◆ Task instructions ◆
Copy the data exactly. Leave nothing out.

Stored data
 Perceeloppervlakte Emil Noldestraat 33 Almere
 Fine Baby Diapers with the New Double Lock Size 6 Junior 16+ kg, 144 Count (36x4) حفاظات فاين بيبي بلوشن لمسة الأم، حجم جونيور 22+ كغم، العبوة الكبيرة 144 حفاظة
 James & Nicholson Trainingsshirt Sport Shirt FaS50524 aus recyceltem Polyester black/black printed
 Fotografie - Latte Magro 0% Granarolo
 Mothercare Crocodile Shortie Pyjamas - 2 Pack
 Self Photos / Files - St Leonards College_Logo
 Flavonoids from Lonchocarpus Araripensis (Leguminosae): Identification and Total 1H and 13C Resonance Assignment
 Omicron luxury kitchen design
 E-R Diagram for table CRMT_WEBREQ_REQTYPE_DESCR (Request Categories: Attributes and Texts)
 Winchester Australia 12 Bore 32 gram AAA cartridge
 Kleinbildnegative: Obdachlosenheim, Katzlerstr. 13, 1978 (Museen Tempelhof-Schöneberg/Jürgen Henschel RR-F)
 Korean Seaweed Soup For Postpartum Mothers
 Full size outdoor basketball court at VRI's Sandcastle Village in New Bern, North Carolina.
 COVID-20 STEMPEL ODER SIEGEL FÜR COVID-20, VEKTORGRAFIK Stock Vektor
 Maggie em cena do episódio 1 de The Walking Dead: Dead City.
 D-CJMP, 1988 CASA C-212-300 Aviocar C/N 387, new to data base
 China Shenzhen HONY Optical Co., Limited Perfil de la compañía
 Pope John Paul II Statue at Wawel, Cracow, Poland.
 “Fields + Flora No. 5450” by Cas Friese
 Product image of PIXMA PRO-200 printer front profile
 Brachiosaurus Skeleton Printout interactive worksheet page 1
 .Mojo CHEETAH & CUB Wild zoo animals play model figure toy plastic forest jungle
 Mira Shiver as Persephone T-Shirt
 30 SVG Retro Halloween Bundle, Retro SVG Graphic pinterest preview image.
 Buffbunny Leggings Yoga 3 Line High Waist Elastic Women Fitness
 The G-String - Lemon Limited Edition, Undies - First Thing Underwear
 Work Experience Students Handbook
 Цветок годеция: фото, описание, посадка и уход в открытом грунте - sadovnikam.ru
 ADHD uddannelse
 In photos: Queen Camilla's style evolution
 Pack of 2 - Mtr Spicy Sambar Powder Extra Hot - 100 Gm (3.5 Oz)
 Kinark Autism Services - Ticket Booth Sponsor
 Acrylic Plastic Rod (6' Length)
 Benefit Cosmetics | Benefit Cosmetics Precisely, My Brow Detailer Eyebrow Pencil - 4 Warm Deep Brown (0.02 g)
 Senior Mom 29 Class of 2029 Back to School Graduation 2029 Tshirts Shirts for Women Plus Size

◆ Your solution ◆
 Perceeloppervlakte Emil Noldestraat 33 Almere
 Fine Baby Diapers with the New Double Lock Size 6 Junior 16+ kg, 144 Count (36x4) حفاظات فاين بيبي بلوشن لمسة الأم، حجم جونيور 22+ كغم، العبوة الكبيرة 144 حفاظة
 James & Nicholson Trainingsshirt Sport Shirt FaS50524 aus recyceltem Polyester black/black printed
 Fotografie - Latte Magro 0% Granarolo
 Mothercare Crocodile Shortie Pyjamas - 2 Pack
 Self Photos / Files - St Leonards College_Logo
 Flavonoids from Lonchocarpus Araripensis (Leguminosae): Identification and Total 1H and 13C Resonance Assignment
 Omicron luxury kitchen design
 E-R Diagram for table CRMT_WEBREQ_REQTYPE_DESCR (Request Categories: Attributes and Texts)
 Winchester Australia 12 Bore 32 gram AAA cartridge
 Kleinbildnegative: Obdachlosenheim, Katzlerstr. 13, 1978 (Museen Tempelhof-Schöneberg/Jürgen Henschel RR-F)
 Korean Seaweed Soup For Postpartum Mothers
 Full size outdoor basketball court at VRI's Sandcastle Village in New Bern, North Carolina.
 COVID-20 STEMPEL ODER SIEGEL FÜR COVID-20, VEKTORGRAFIK Stock Vektor
 Maggie em cena do episódio 1 de The Walking Dead: Dead City.
 D-CJMP, 1988 CASA C-212-300 Aviocar C/N 387, new to data base
 China Shenzhen HONY Optical Co., Limited Perfil de la compañía
 Pope John Paul II Statue at Wawel, Cracow, Poland.
 “Fields + Flora No. 5450” by Cas Friese
 Product image of PIXMA PRO-200 printer front profile
 Brachiosaurus Skeleton Printout interactive worksheet page 1
 .Mojo CHEETAH & CUB Wild zoo animals play model figure toy plastic forest jungle
 Mira Shiver as Persephone T-Shirt
 30 SVG Retro Halloween Bundle, Retro SVG Graphic pinterest preview image.
 Buffbunny Leggings Yoga 3 Line High Waist Elastic Women Fitness
 The G-String - Lemon Limited Edition, Undies - First Thing Underwear
 Work Experience Students Handbook
 Цветок годеция: фото, описание, посадка и уход в открытом грунте - sadovnikam.ru
 ADHD uddannelse
 In photos: Queen Camilla's style evolution
 Pack of 2 - Mtr Spicy Sambar Powder Extra Hot - 100 Gm (3.5 Oz)
 Kinark Autism Services - Ticket Booth Sponsor
 Acrylic Plastic Rod (6' Length)
 Benefit Cosmetics | Benefit Cosmetics Precisely, My Brow Detailer Eyebrow Pencil - 4 Warm Deep Brown (0.02 g)
 Senior Mom 29 Class of 2029 Back to School Graduation 2029 Tshirts Shirts for Women Plus Size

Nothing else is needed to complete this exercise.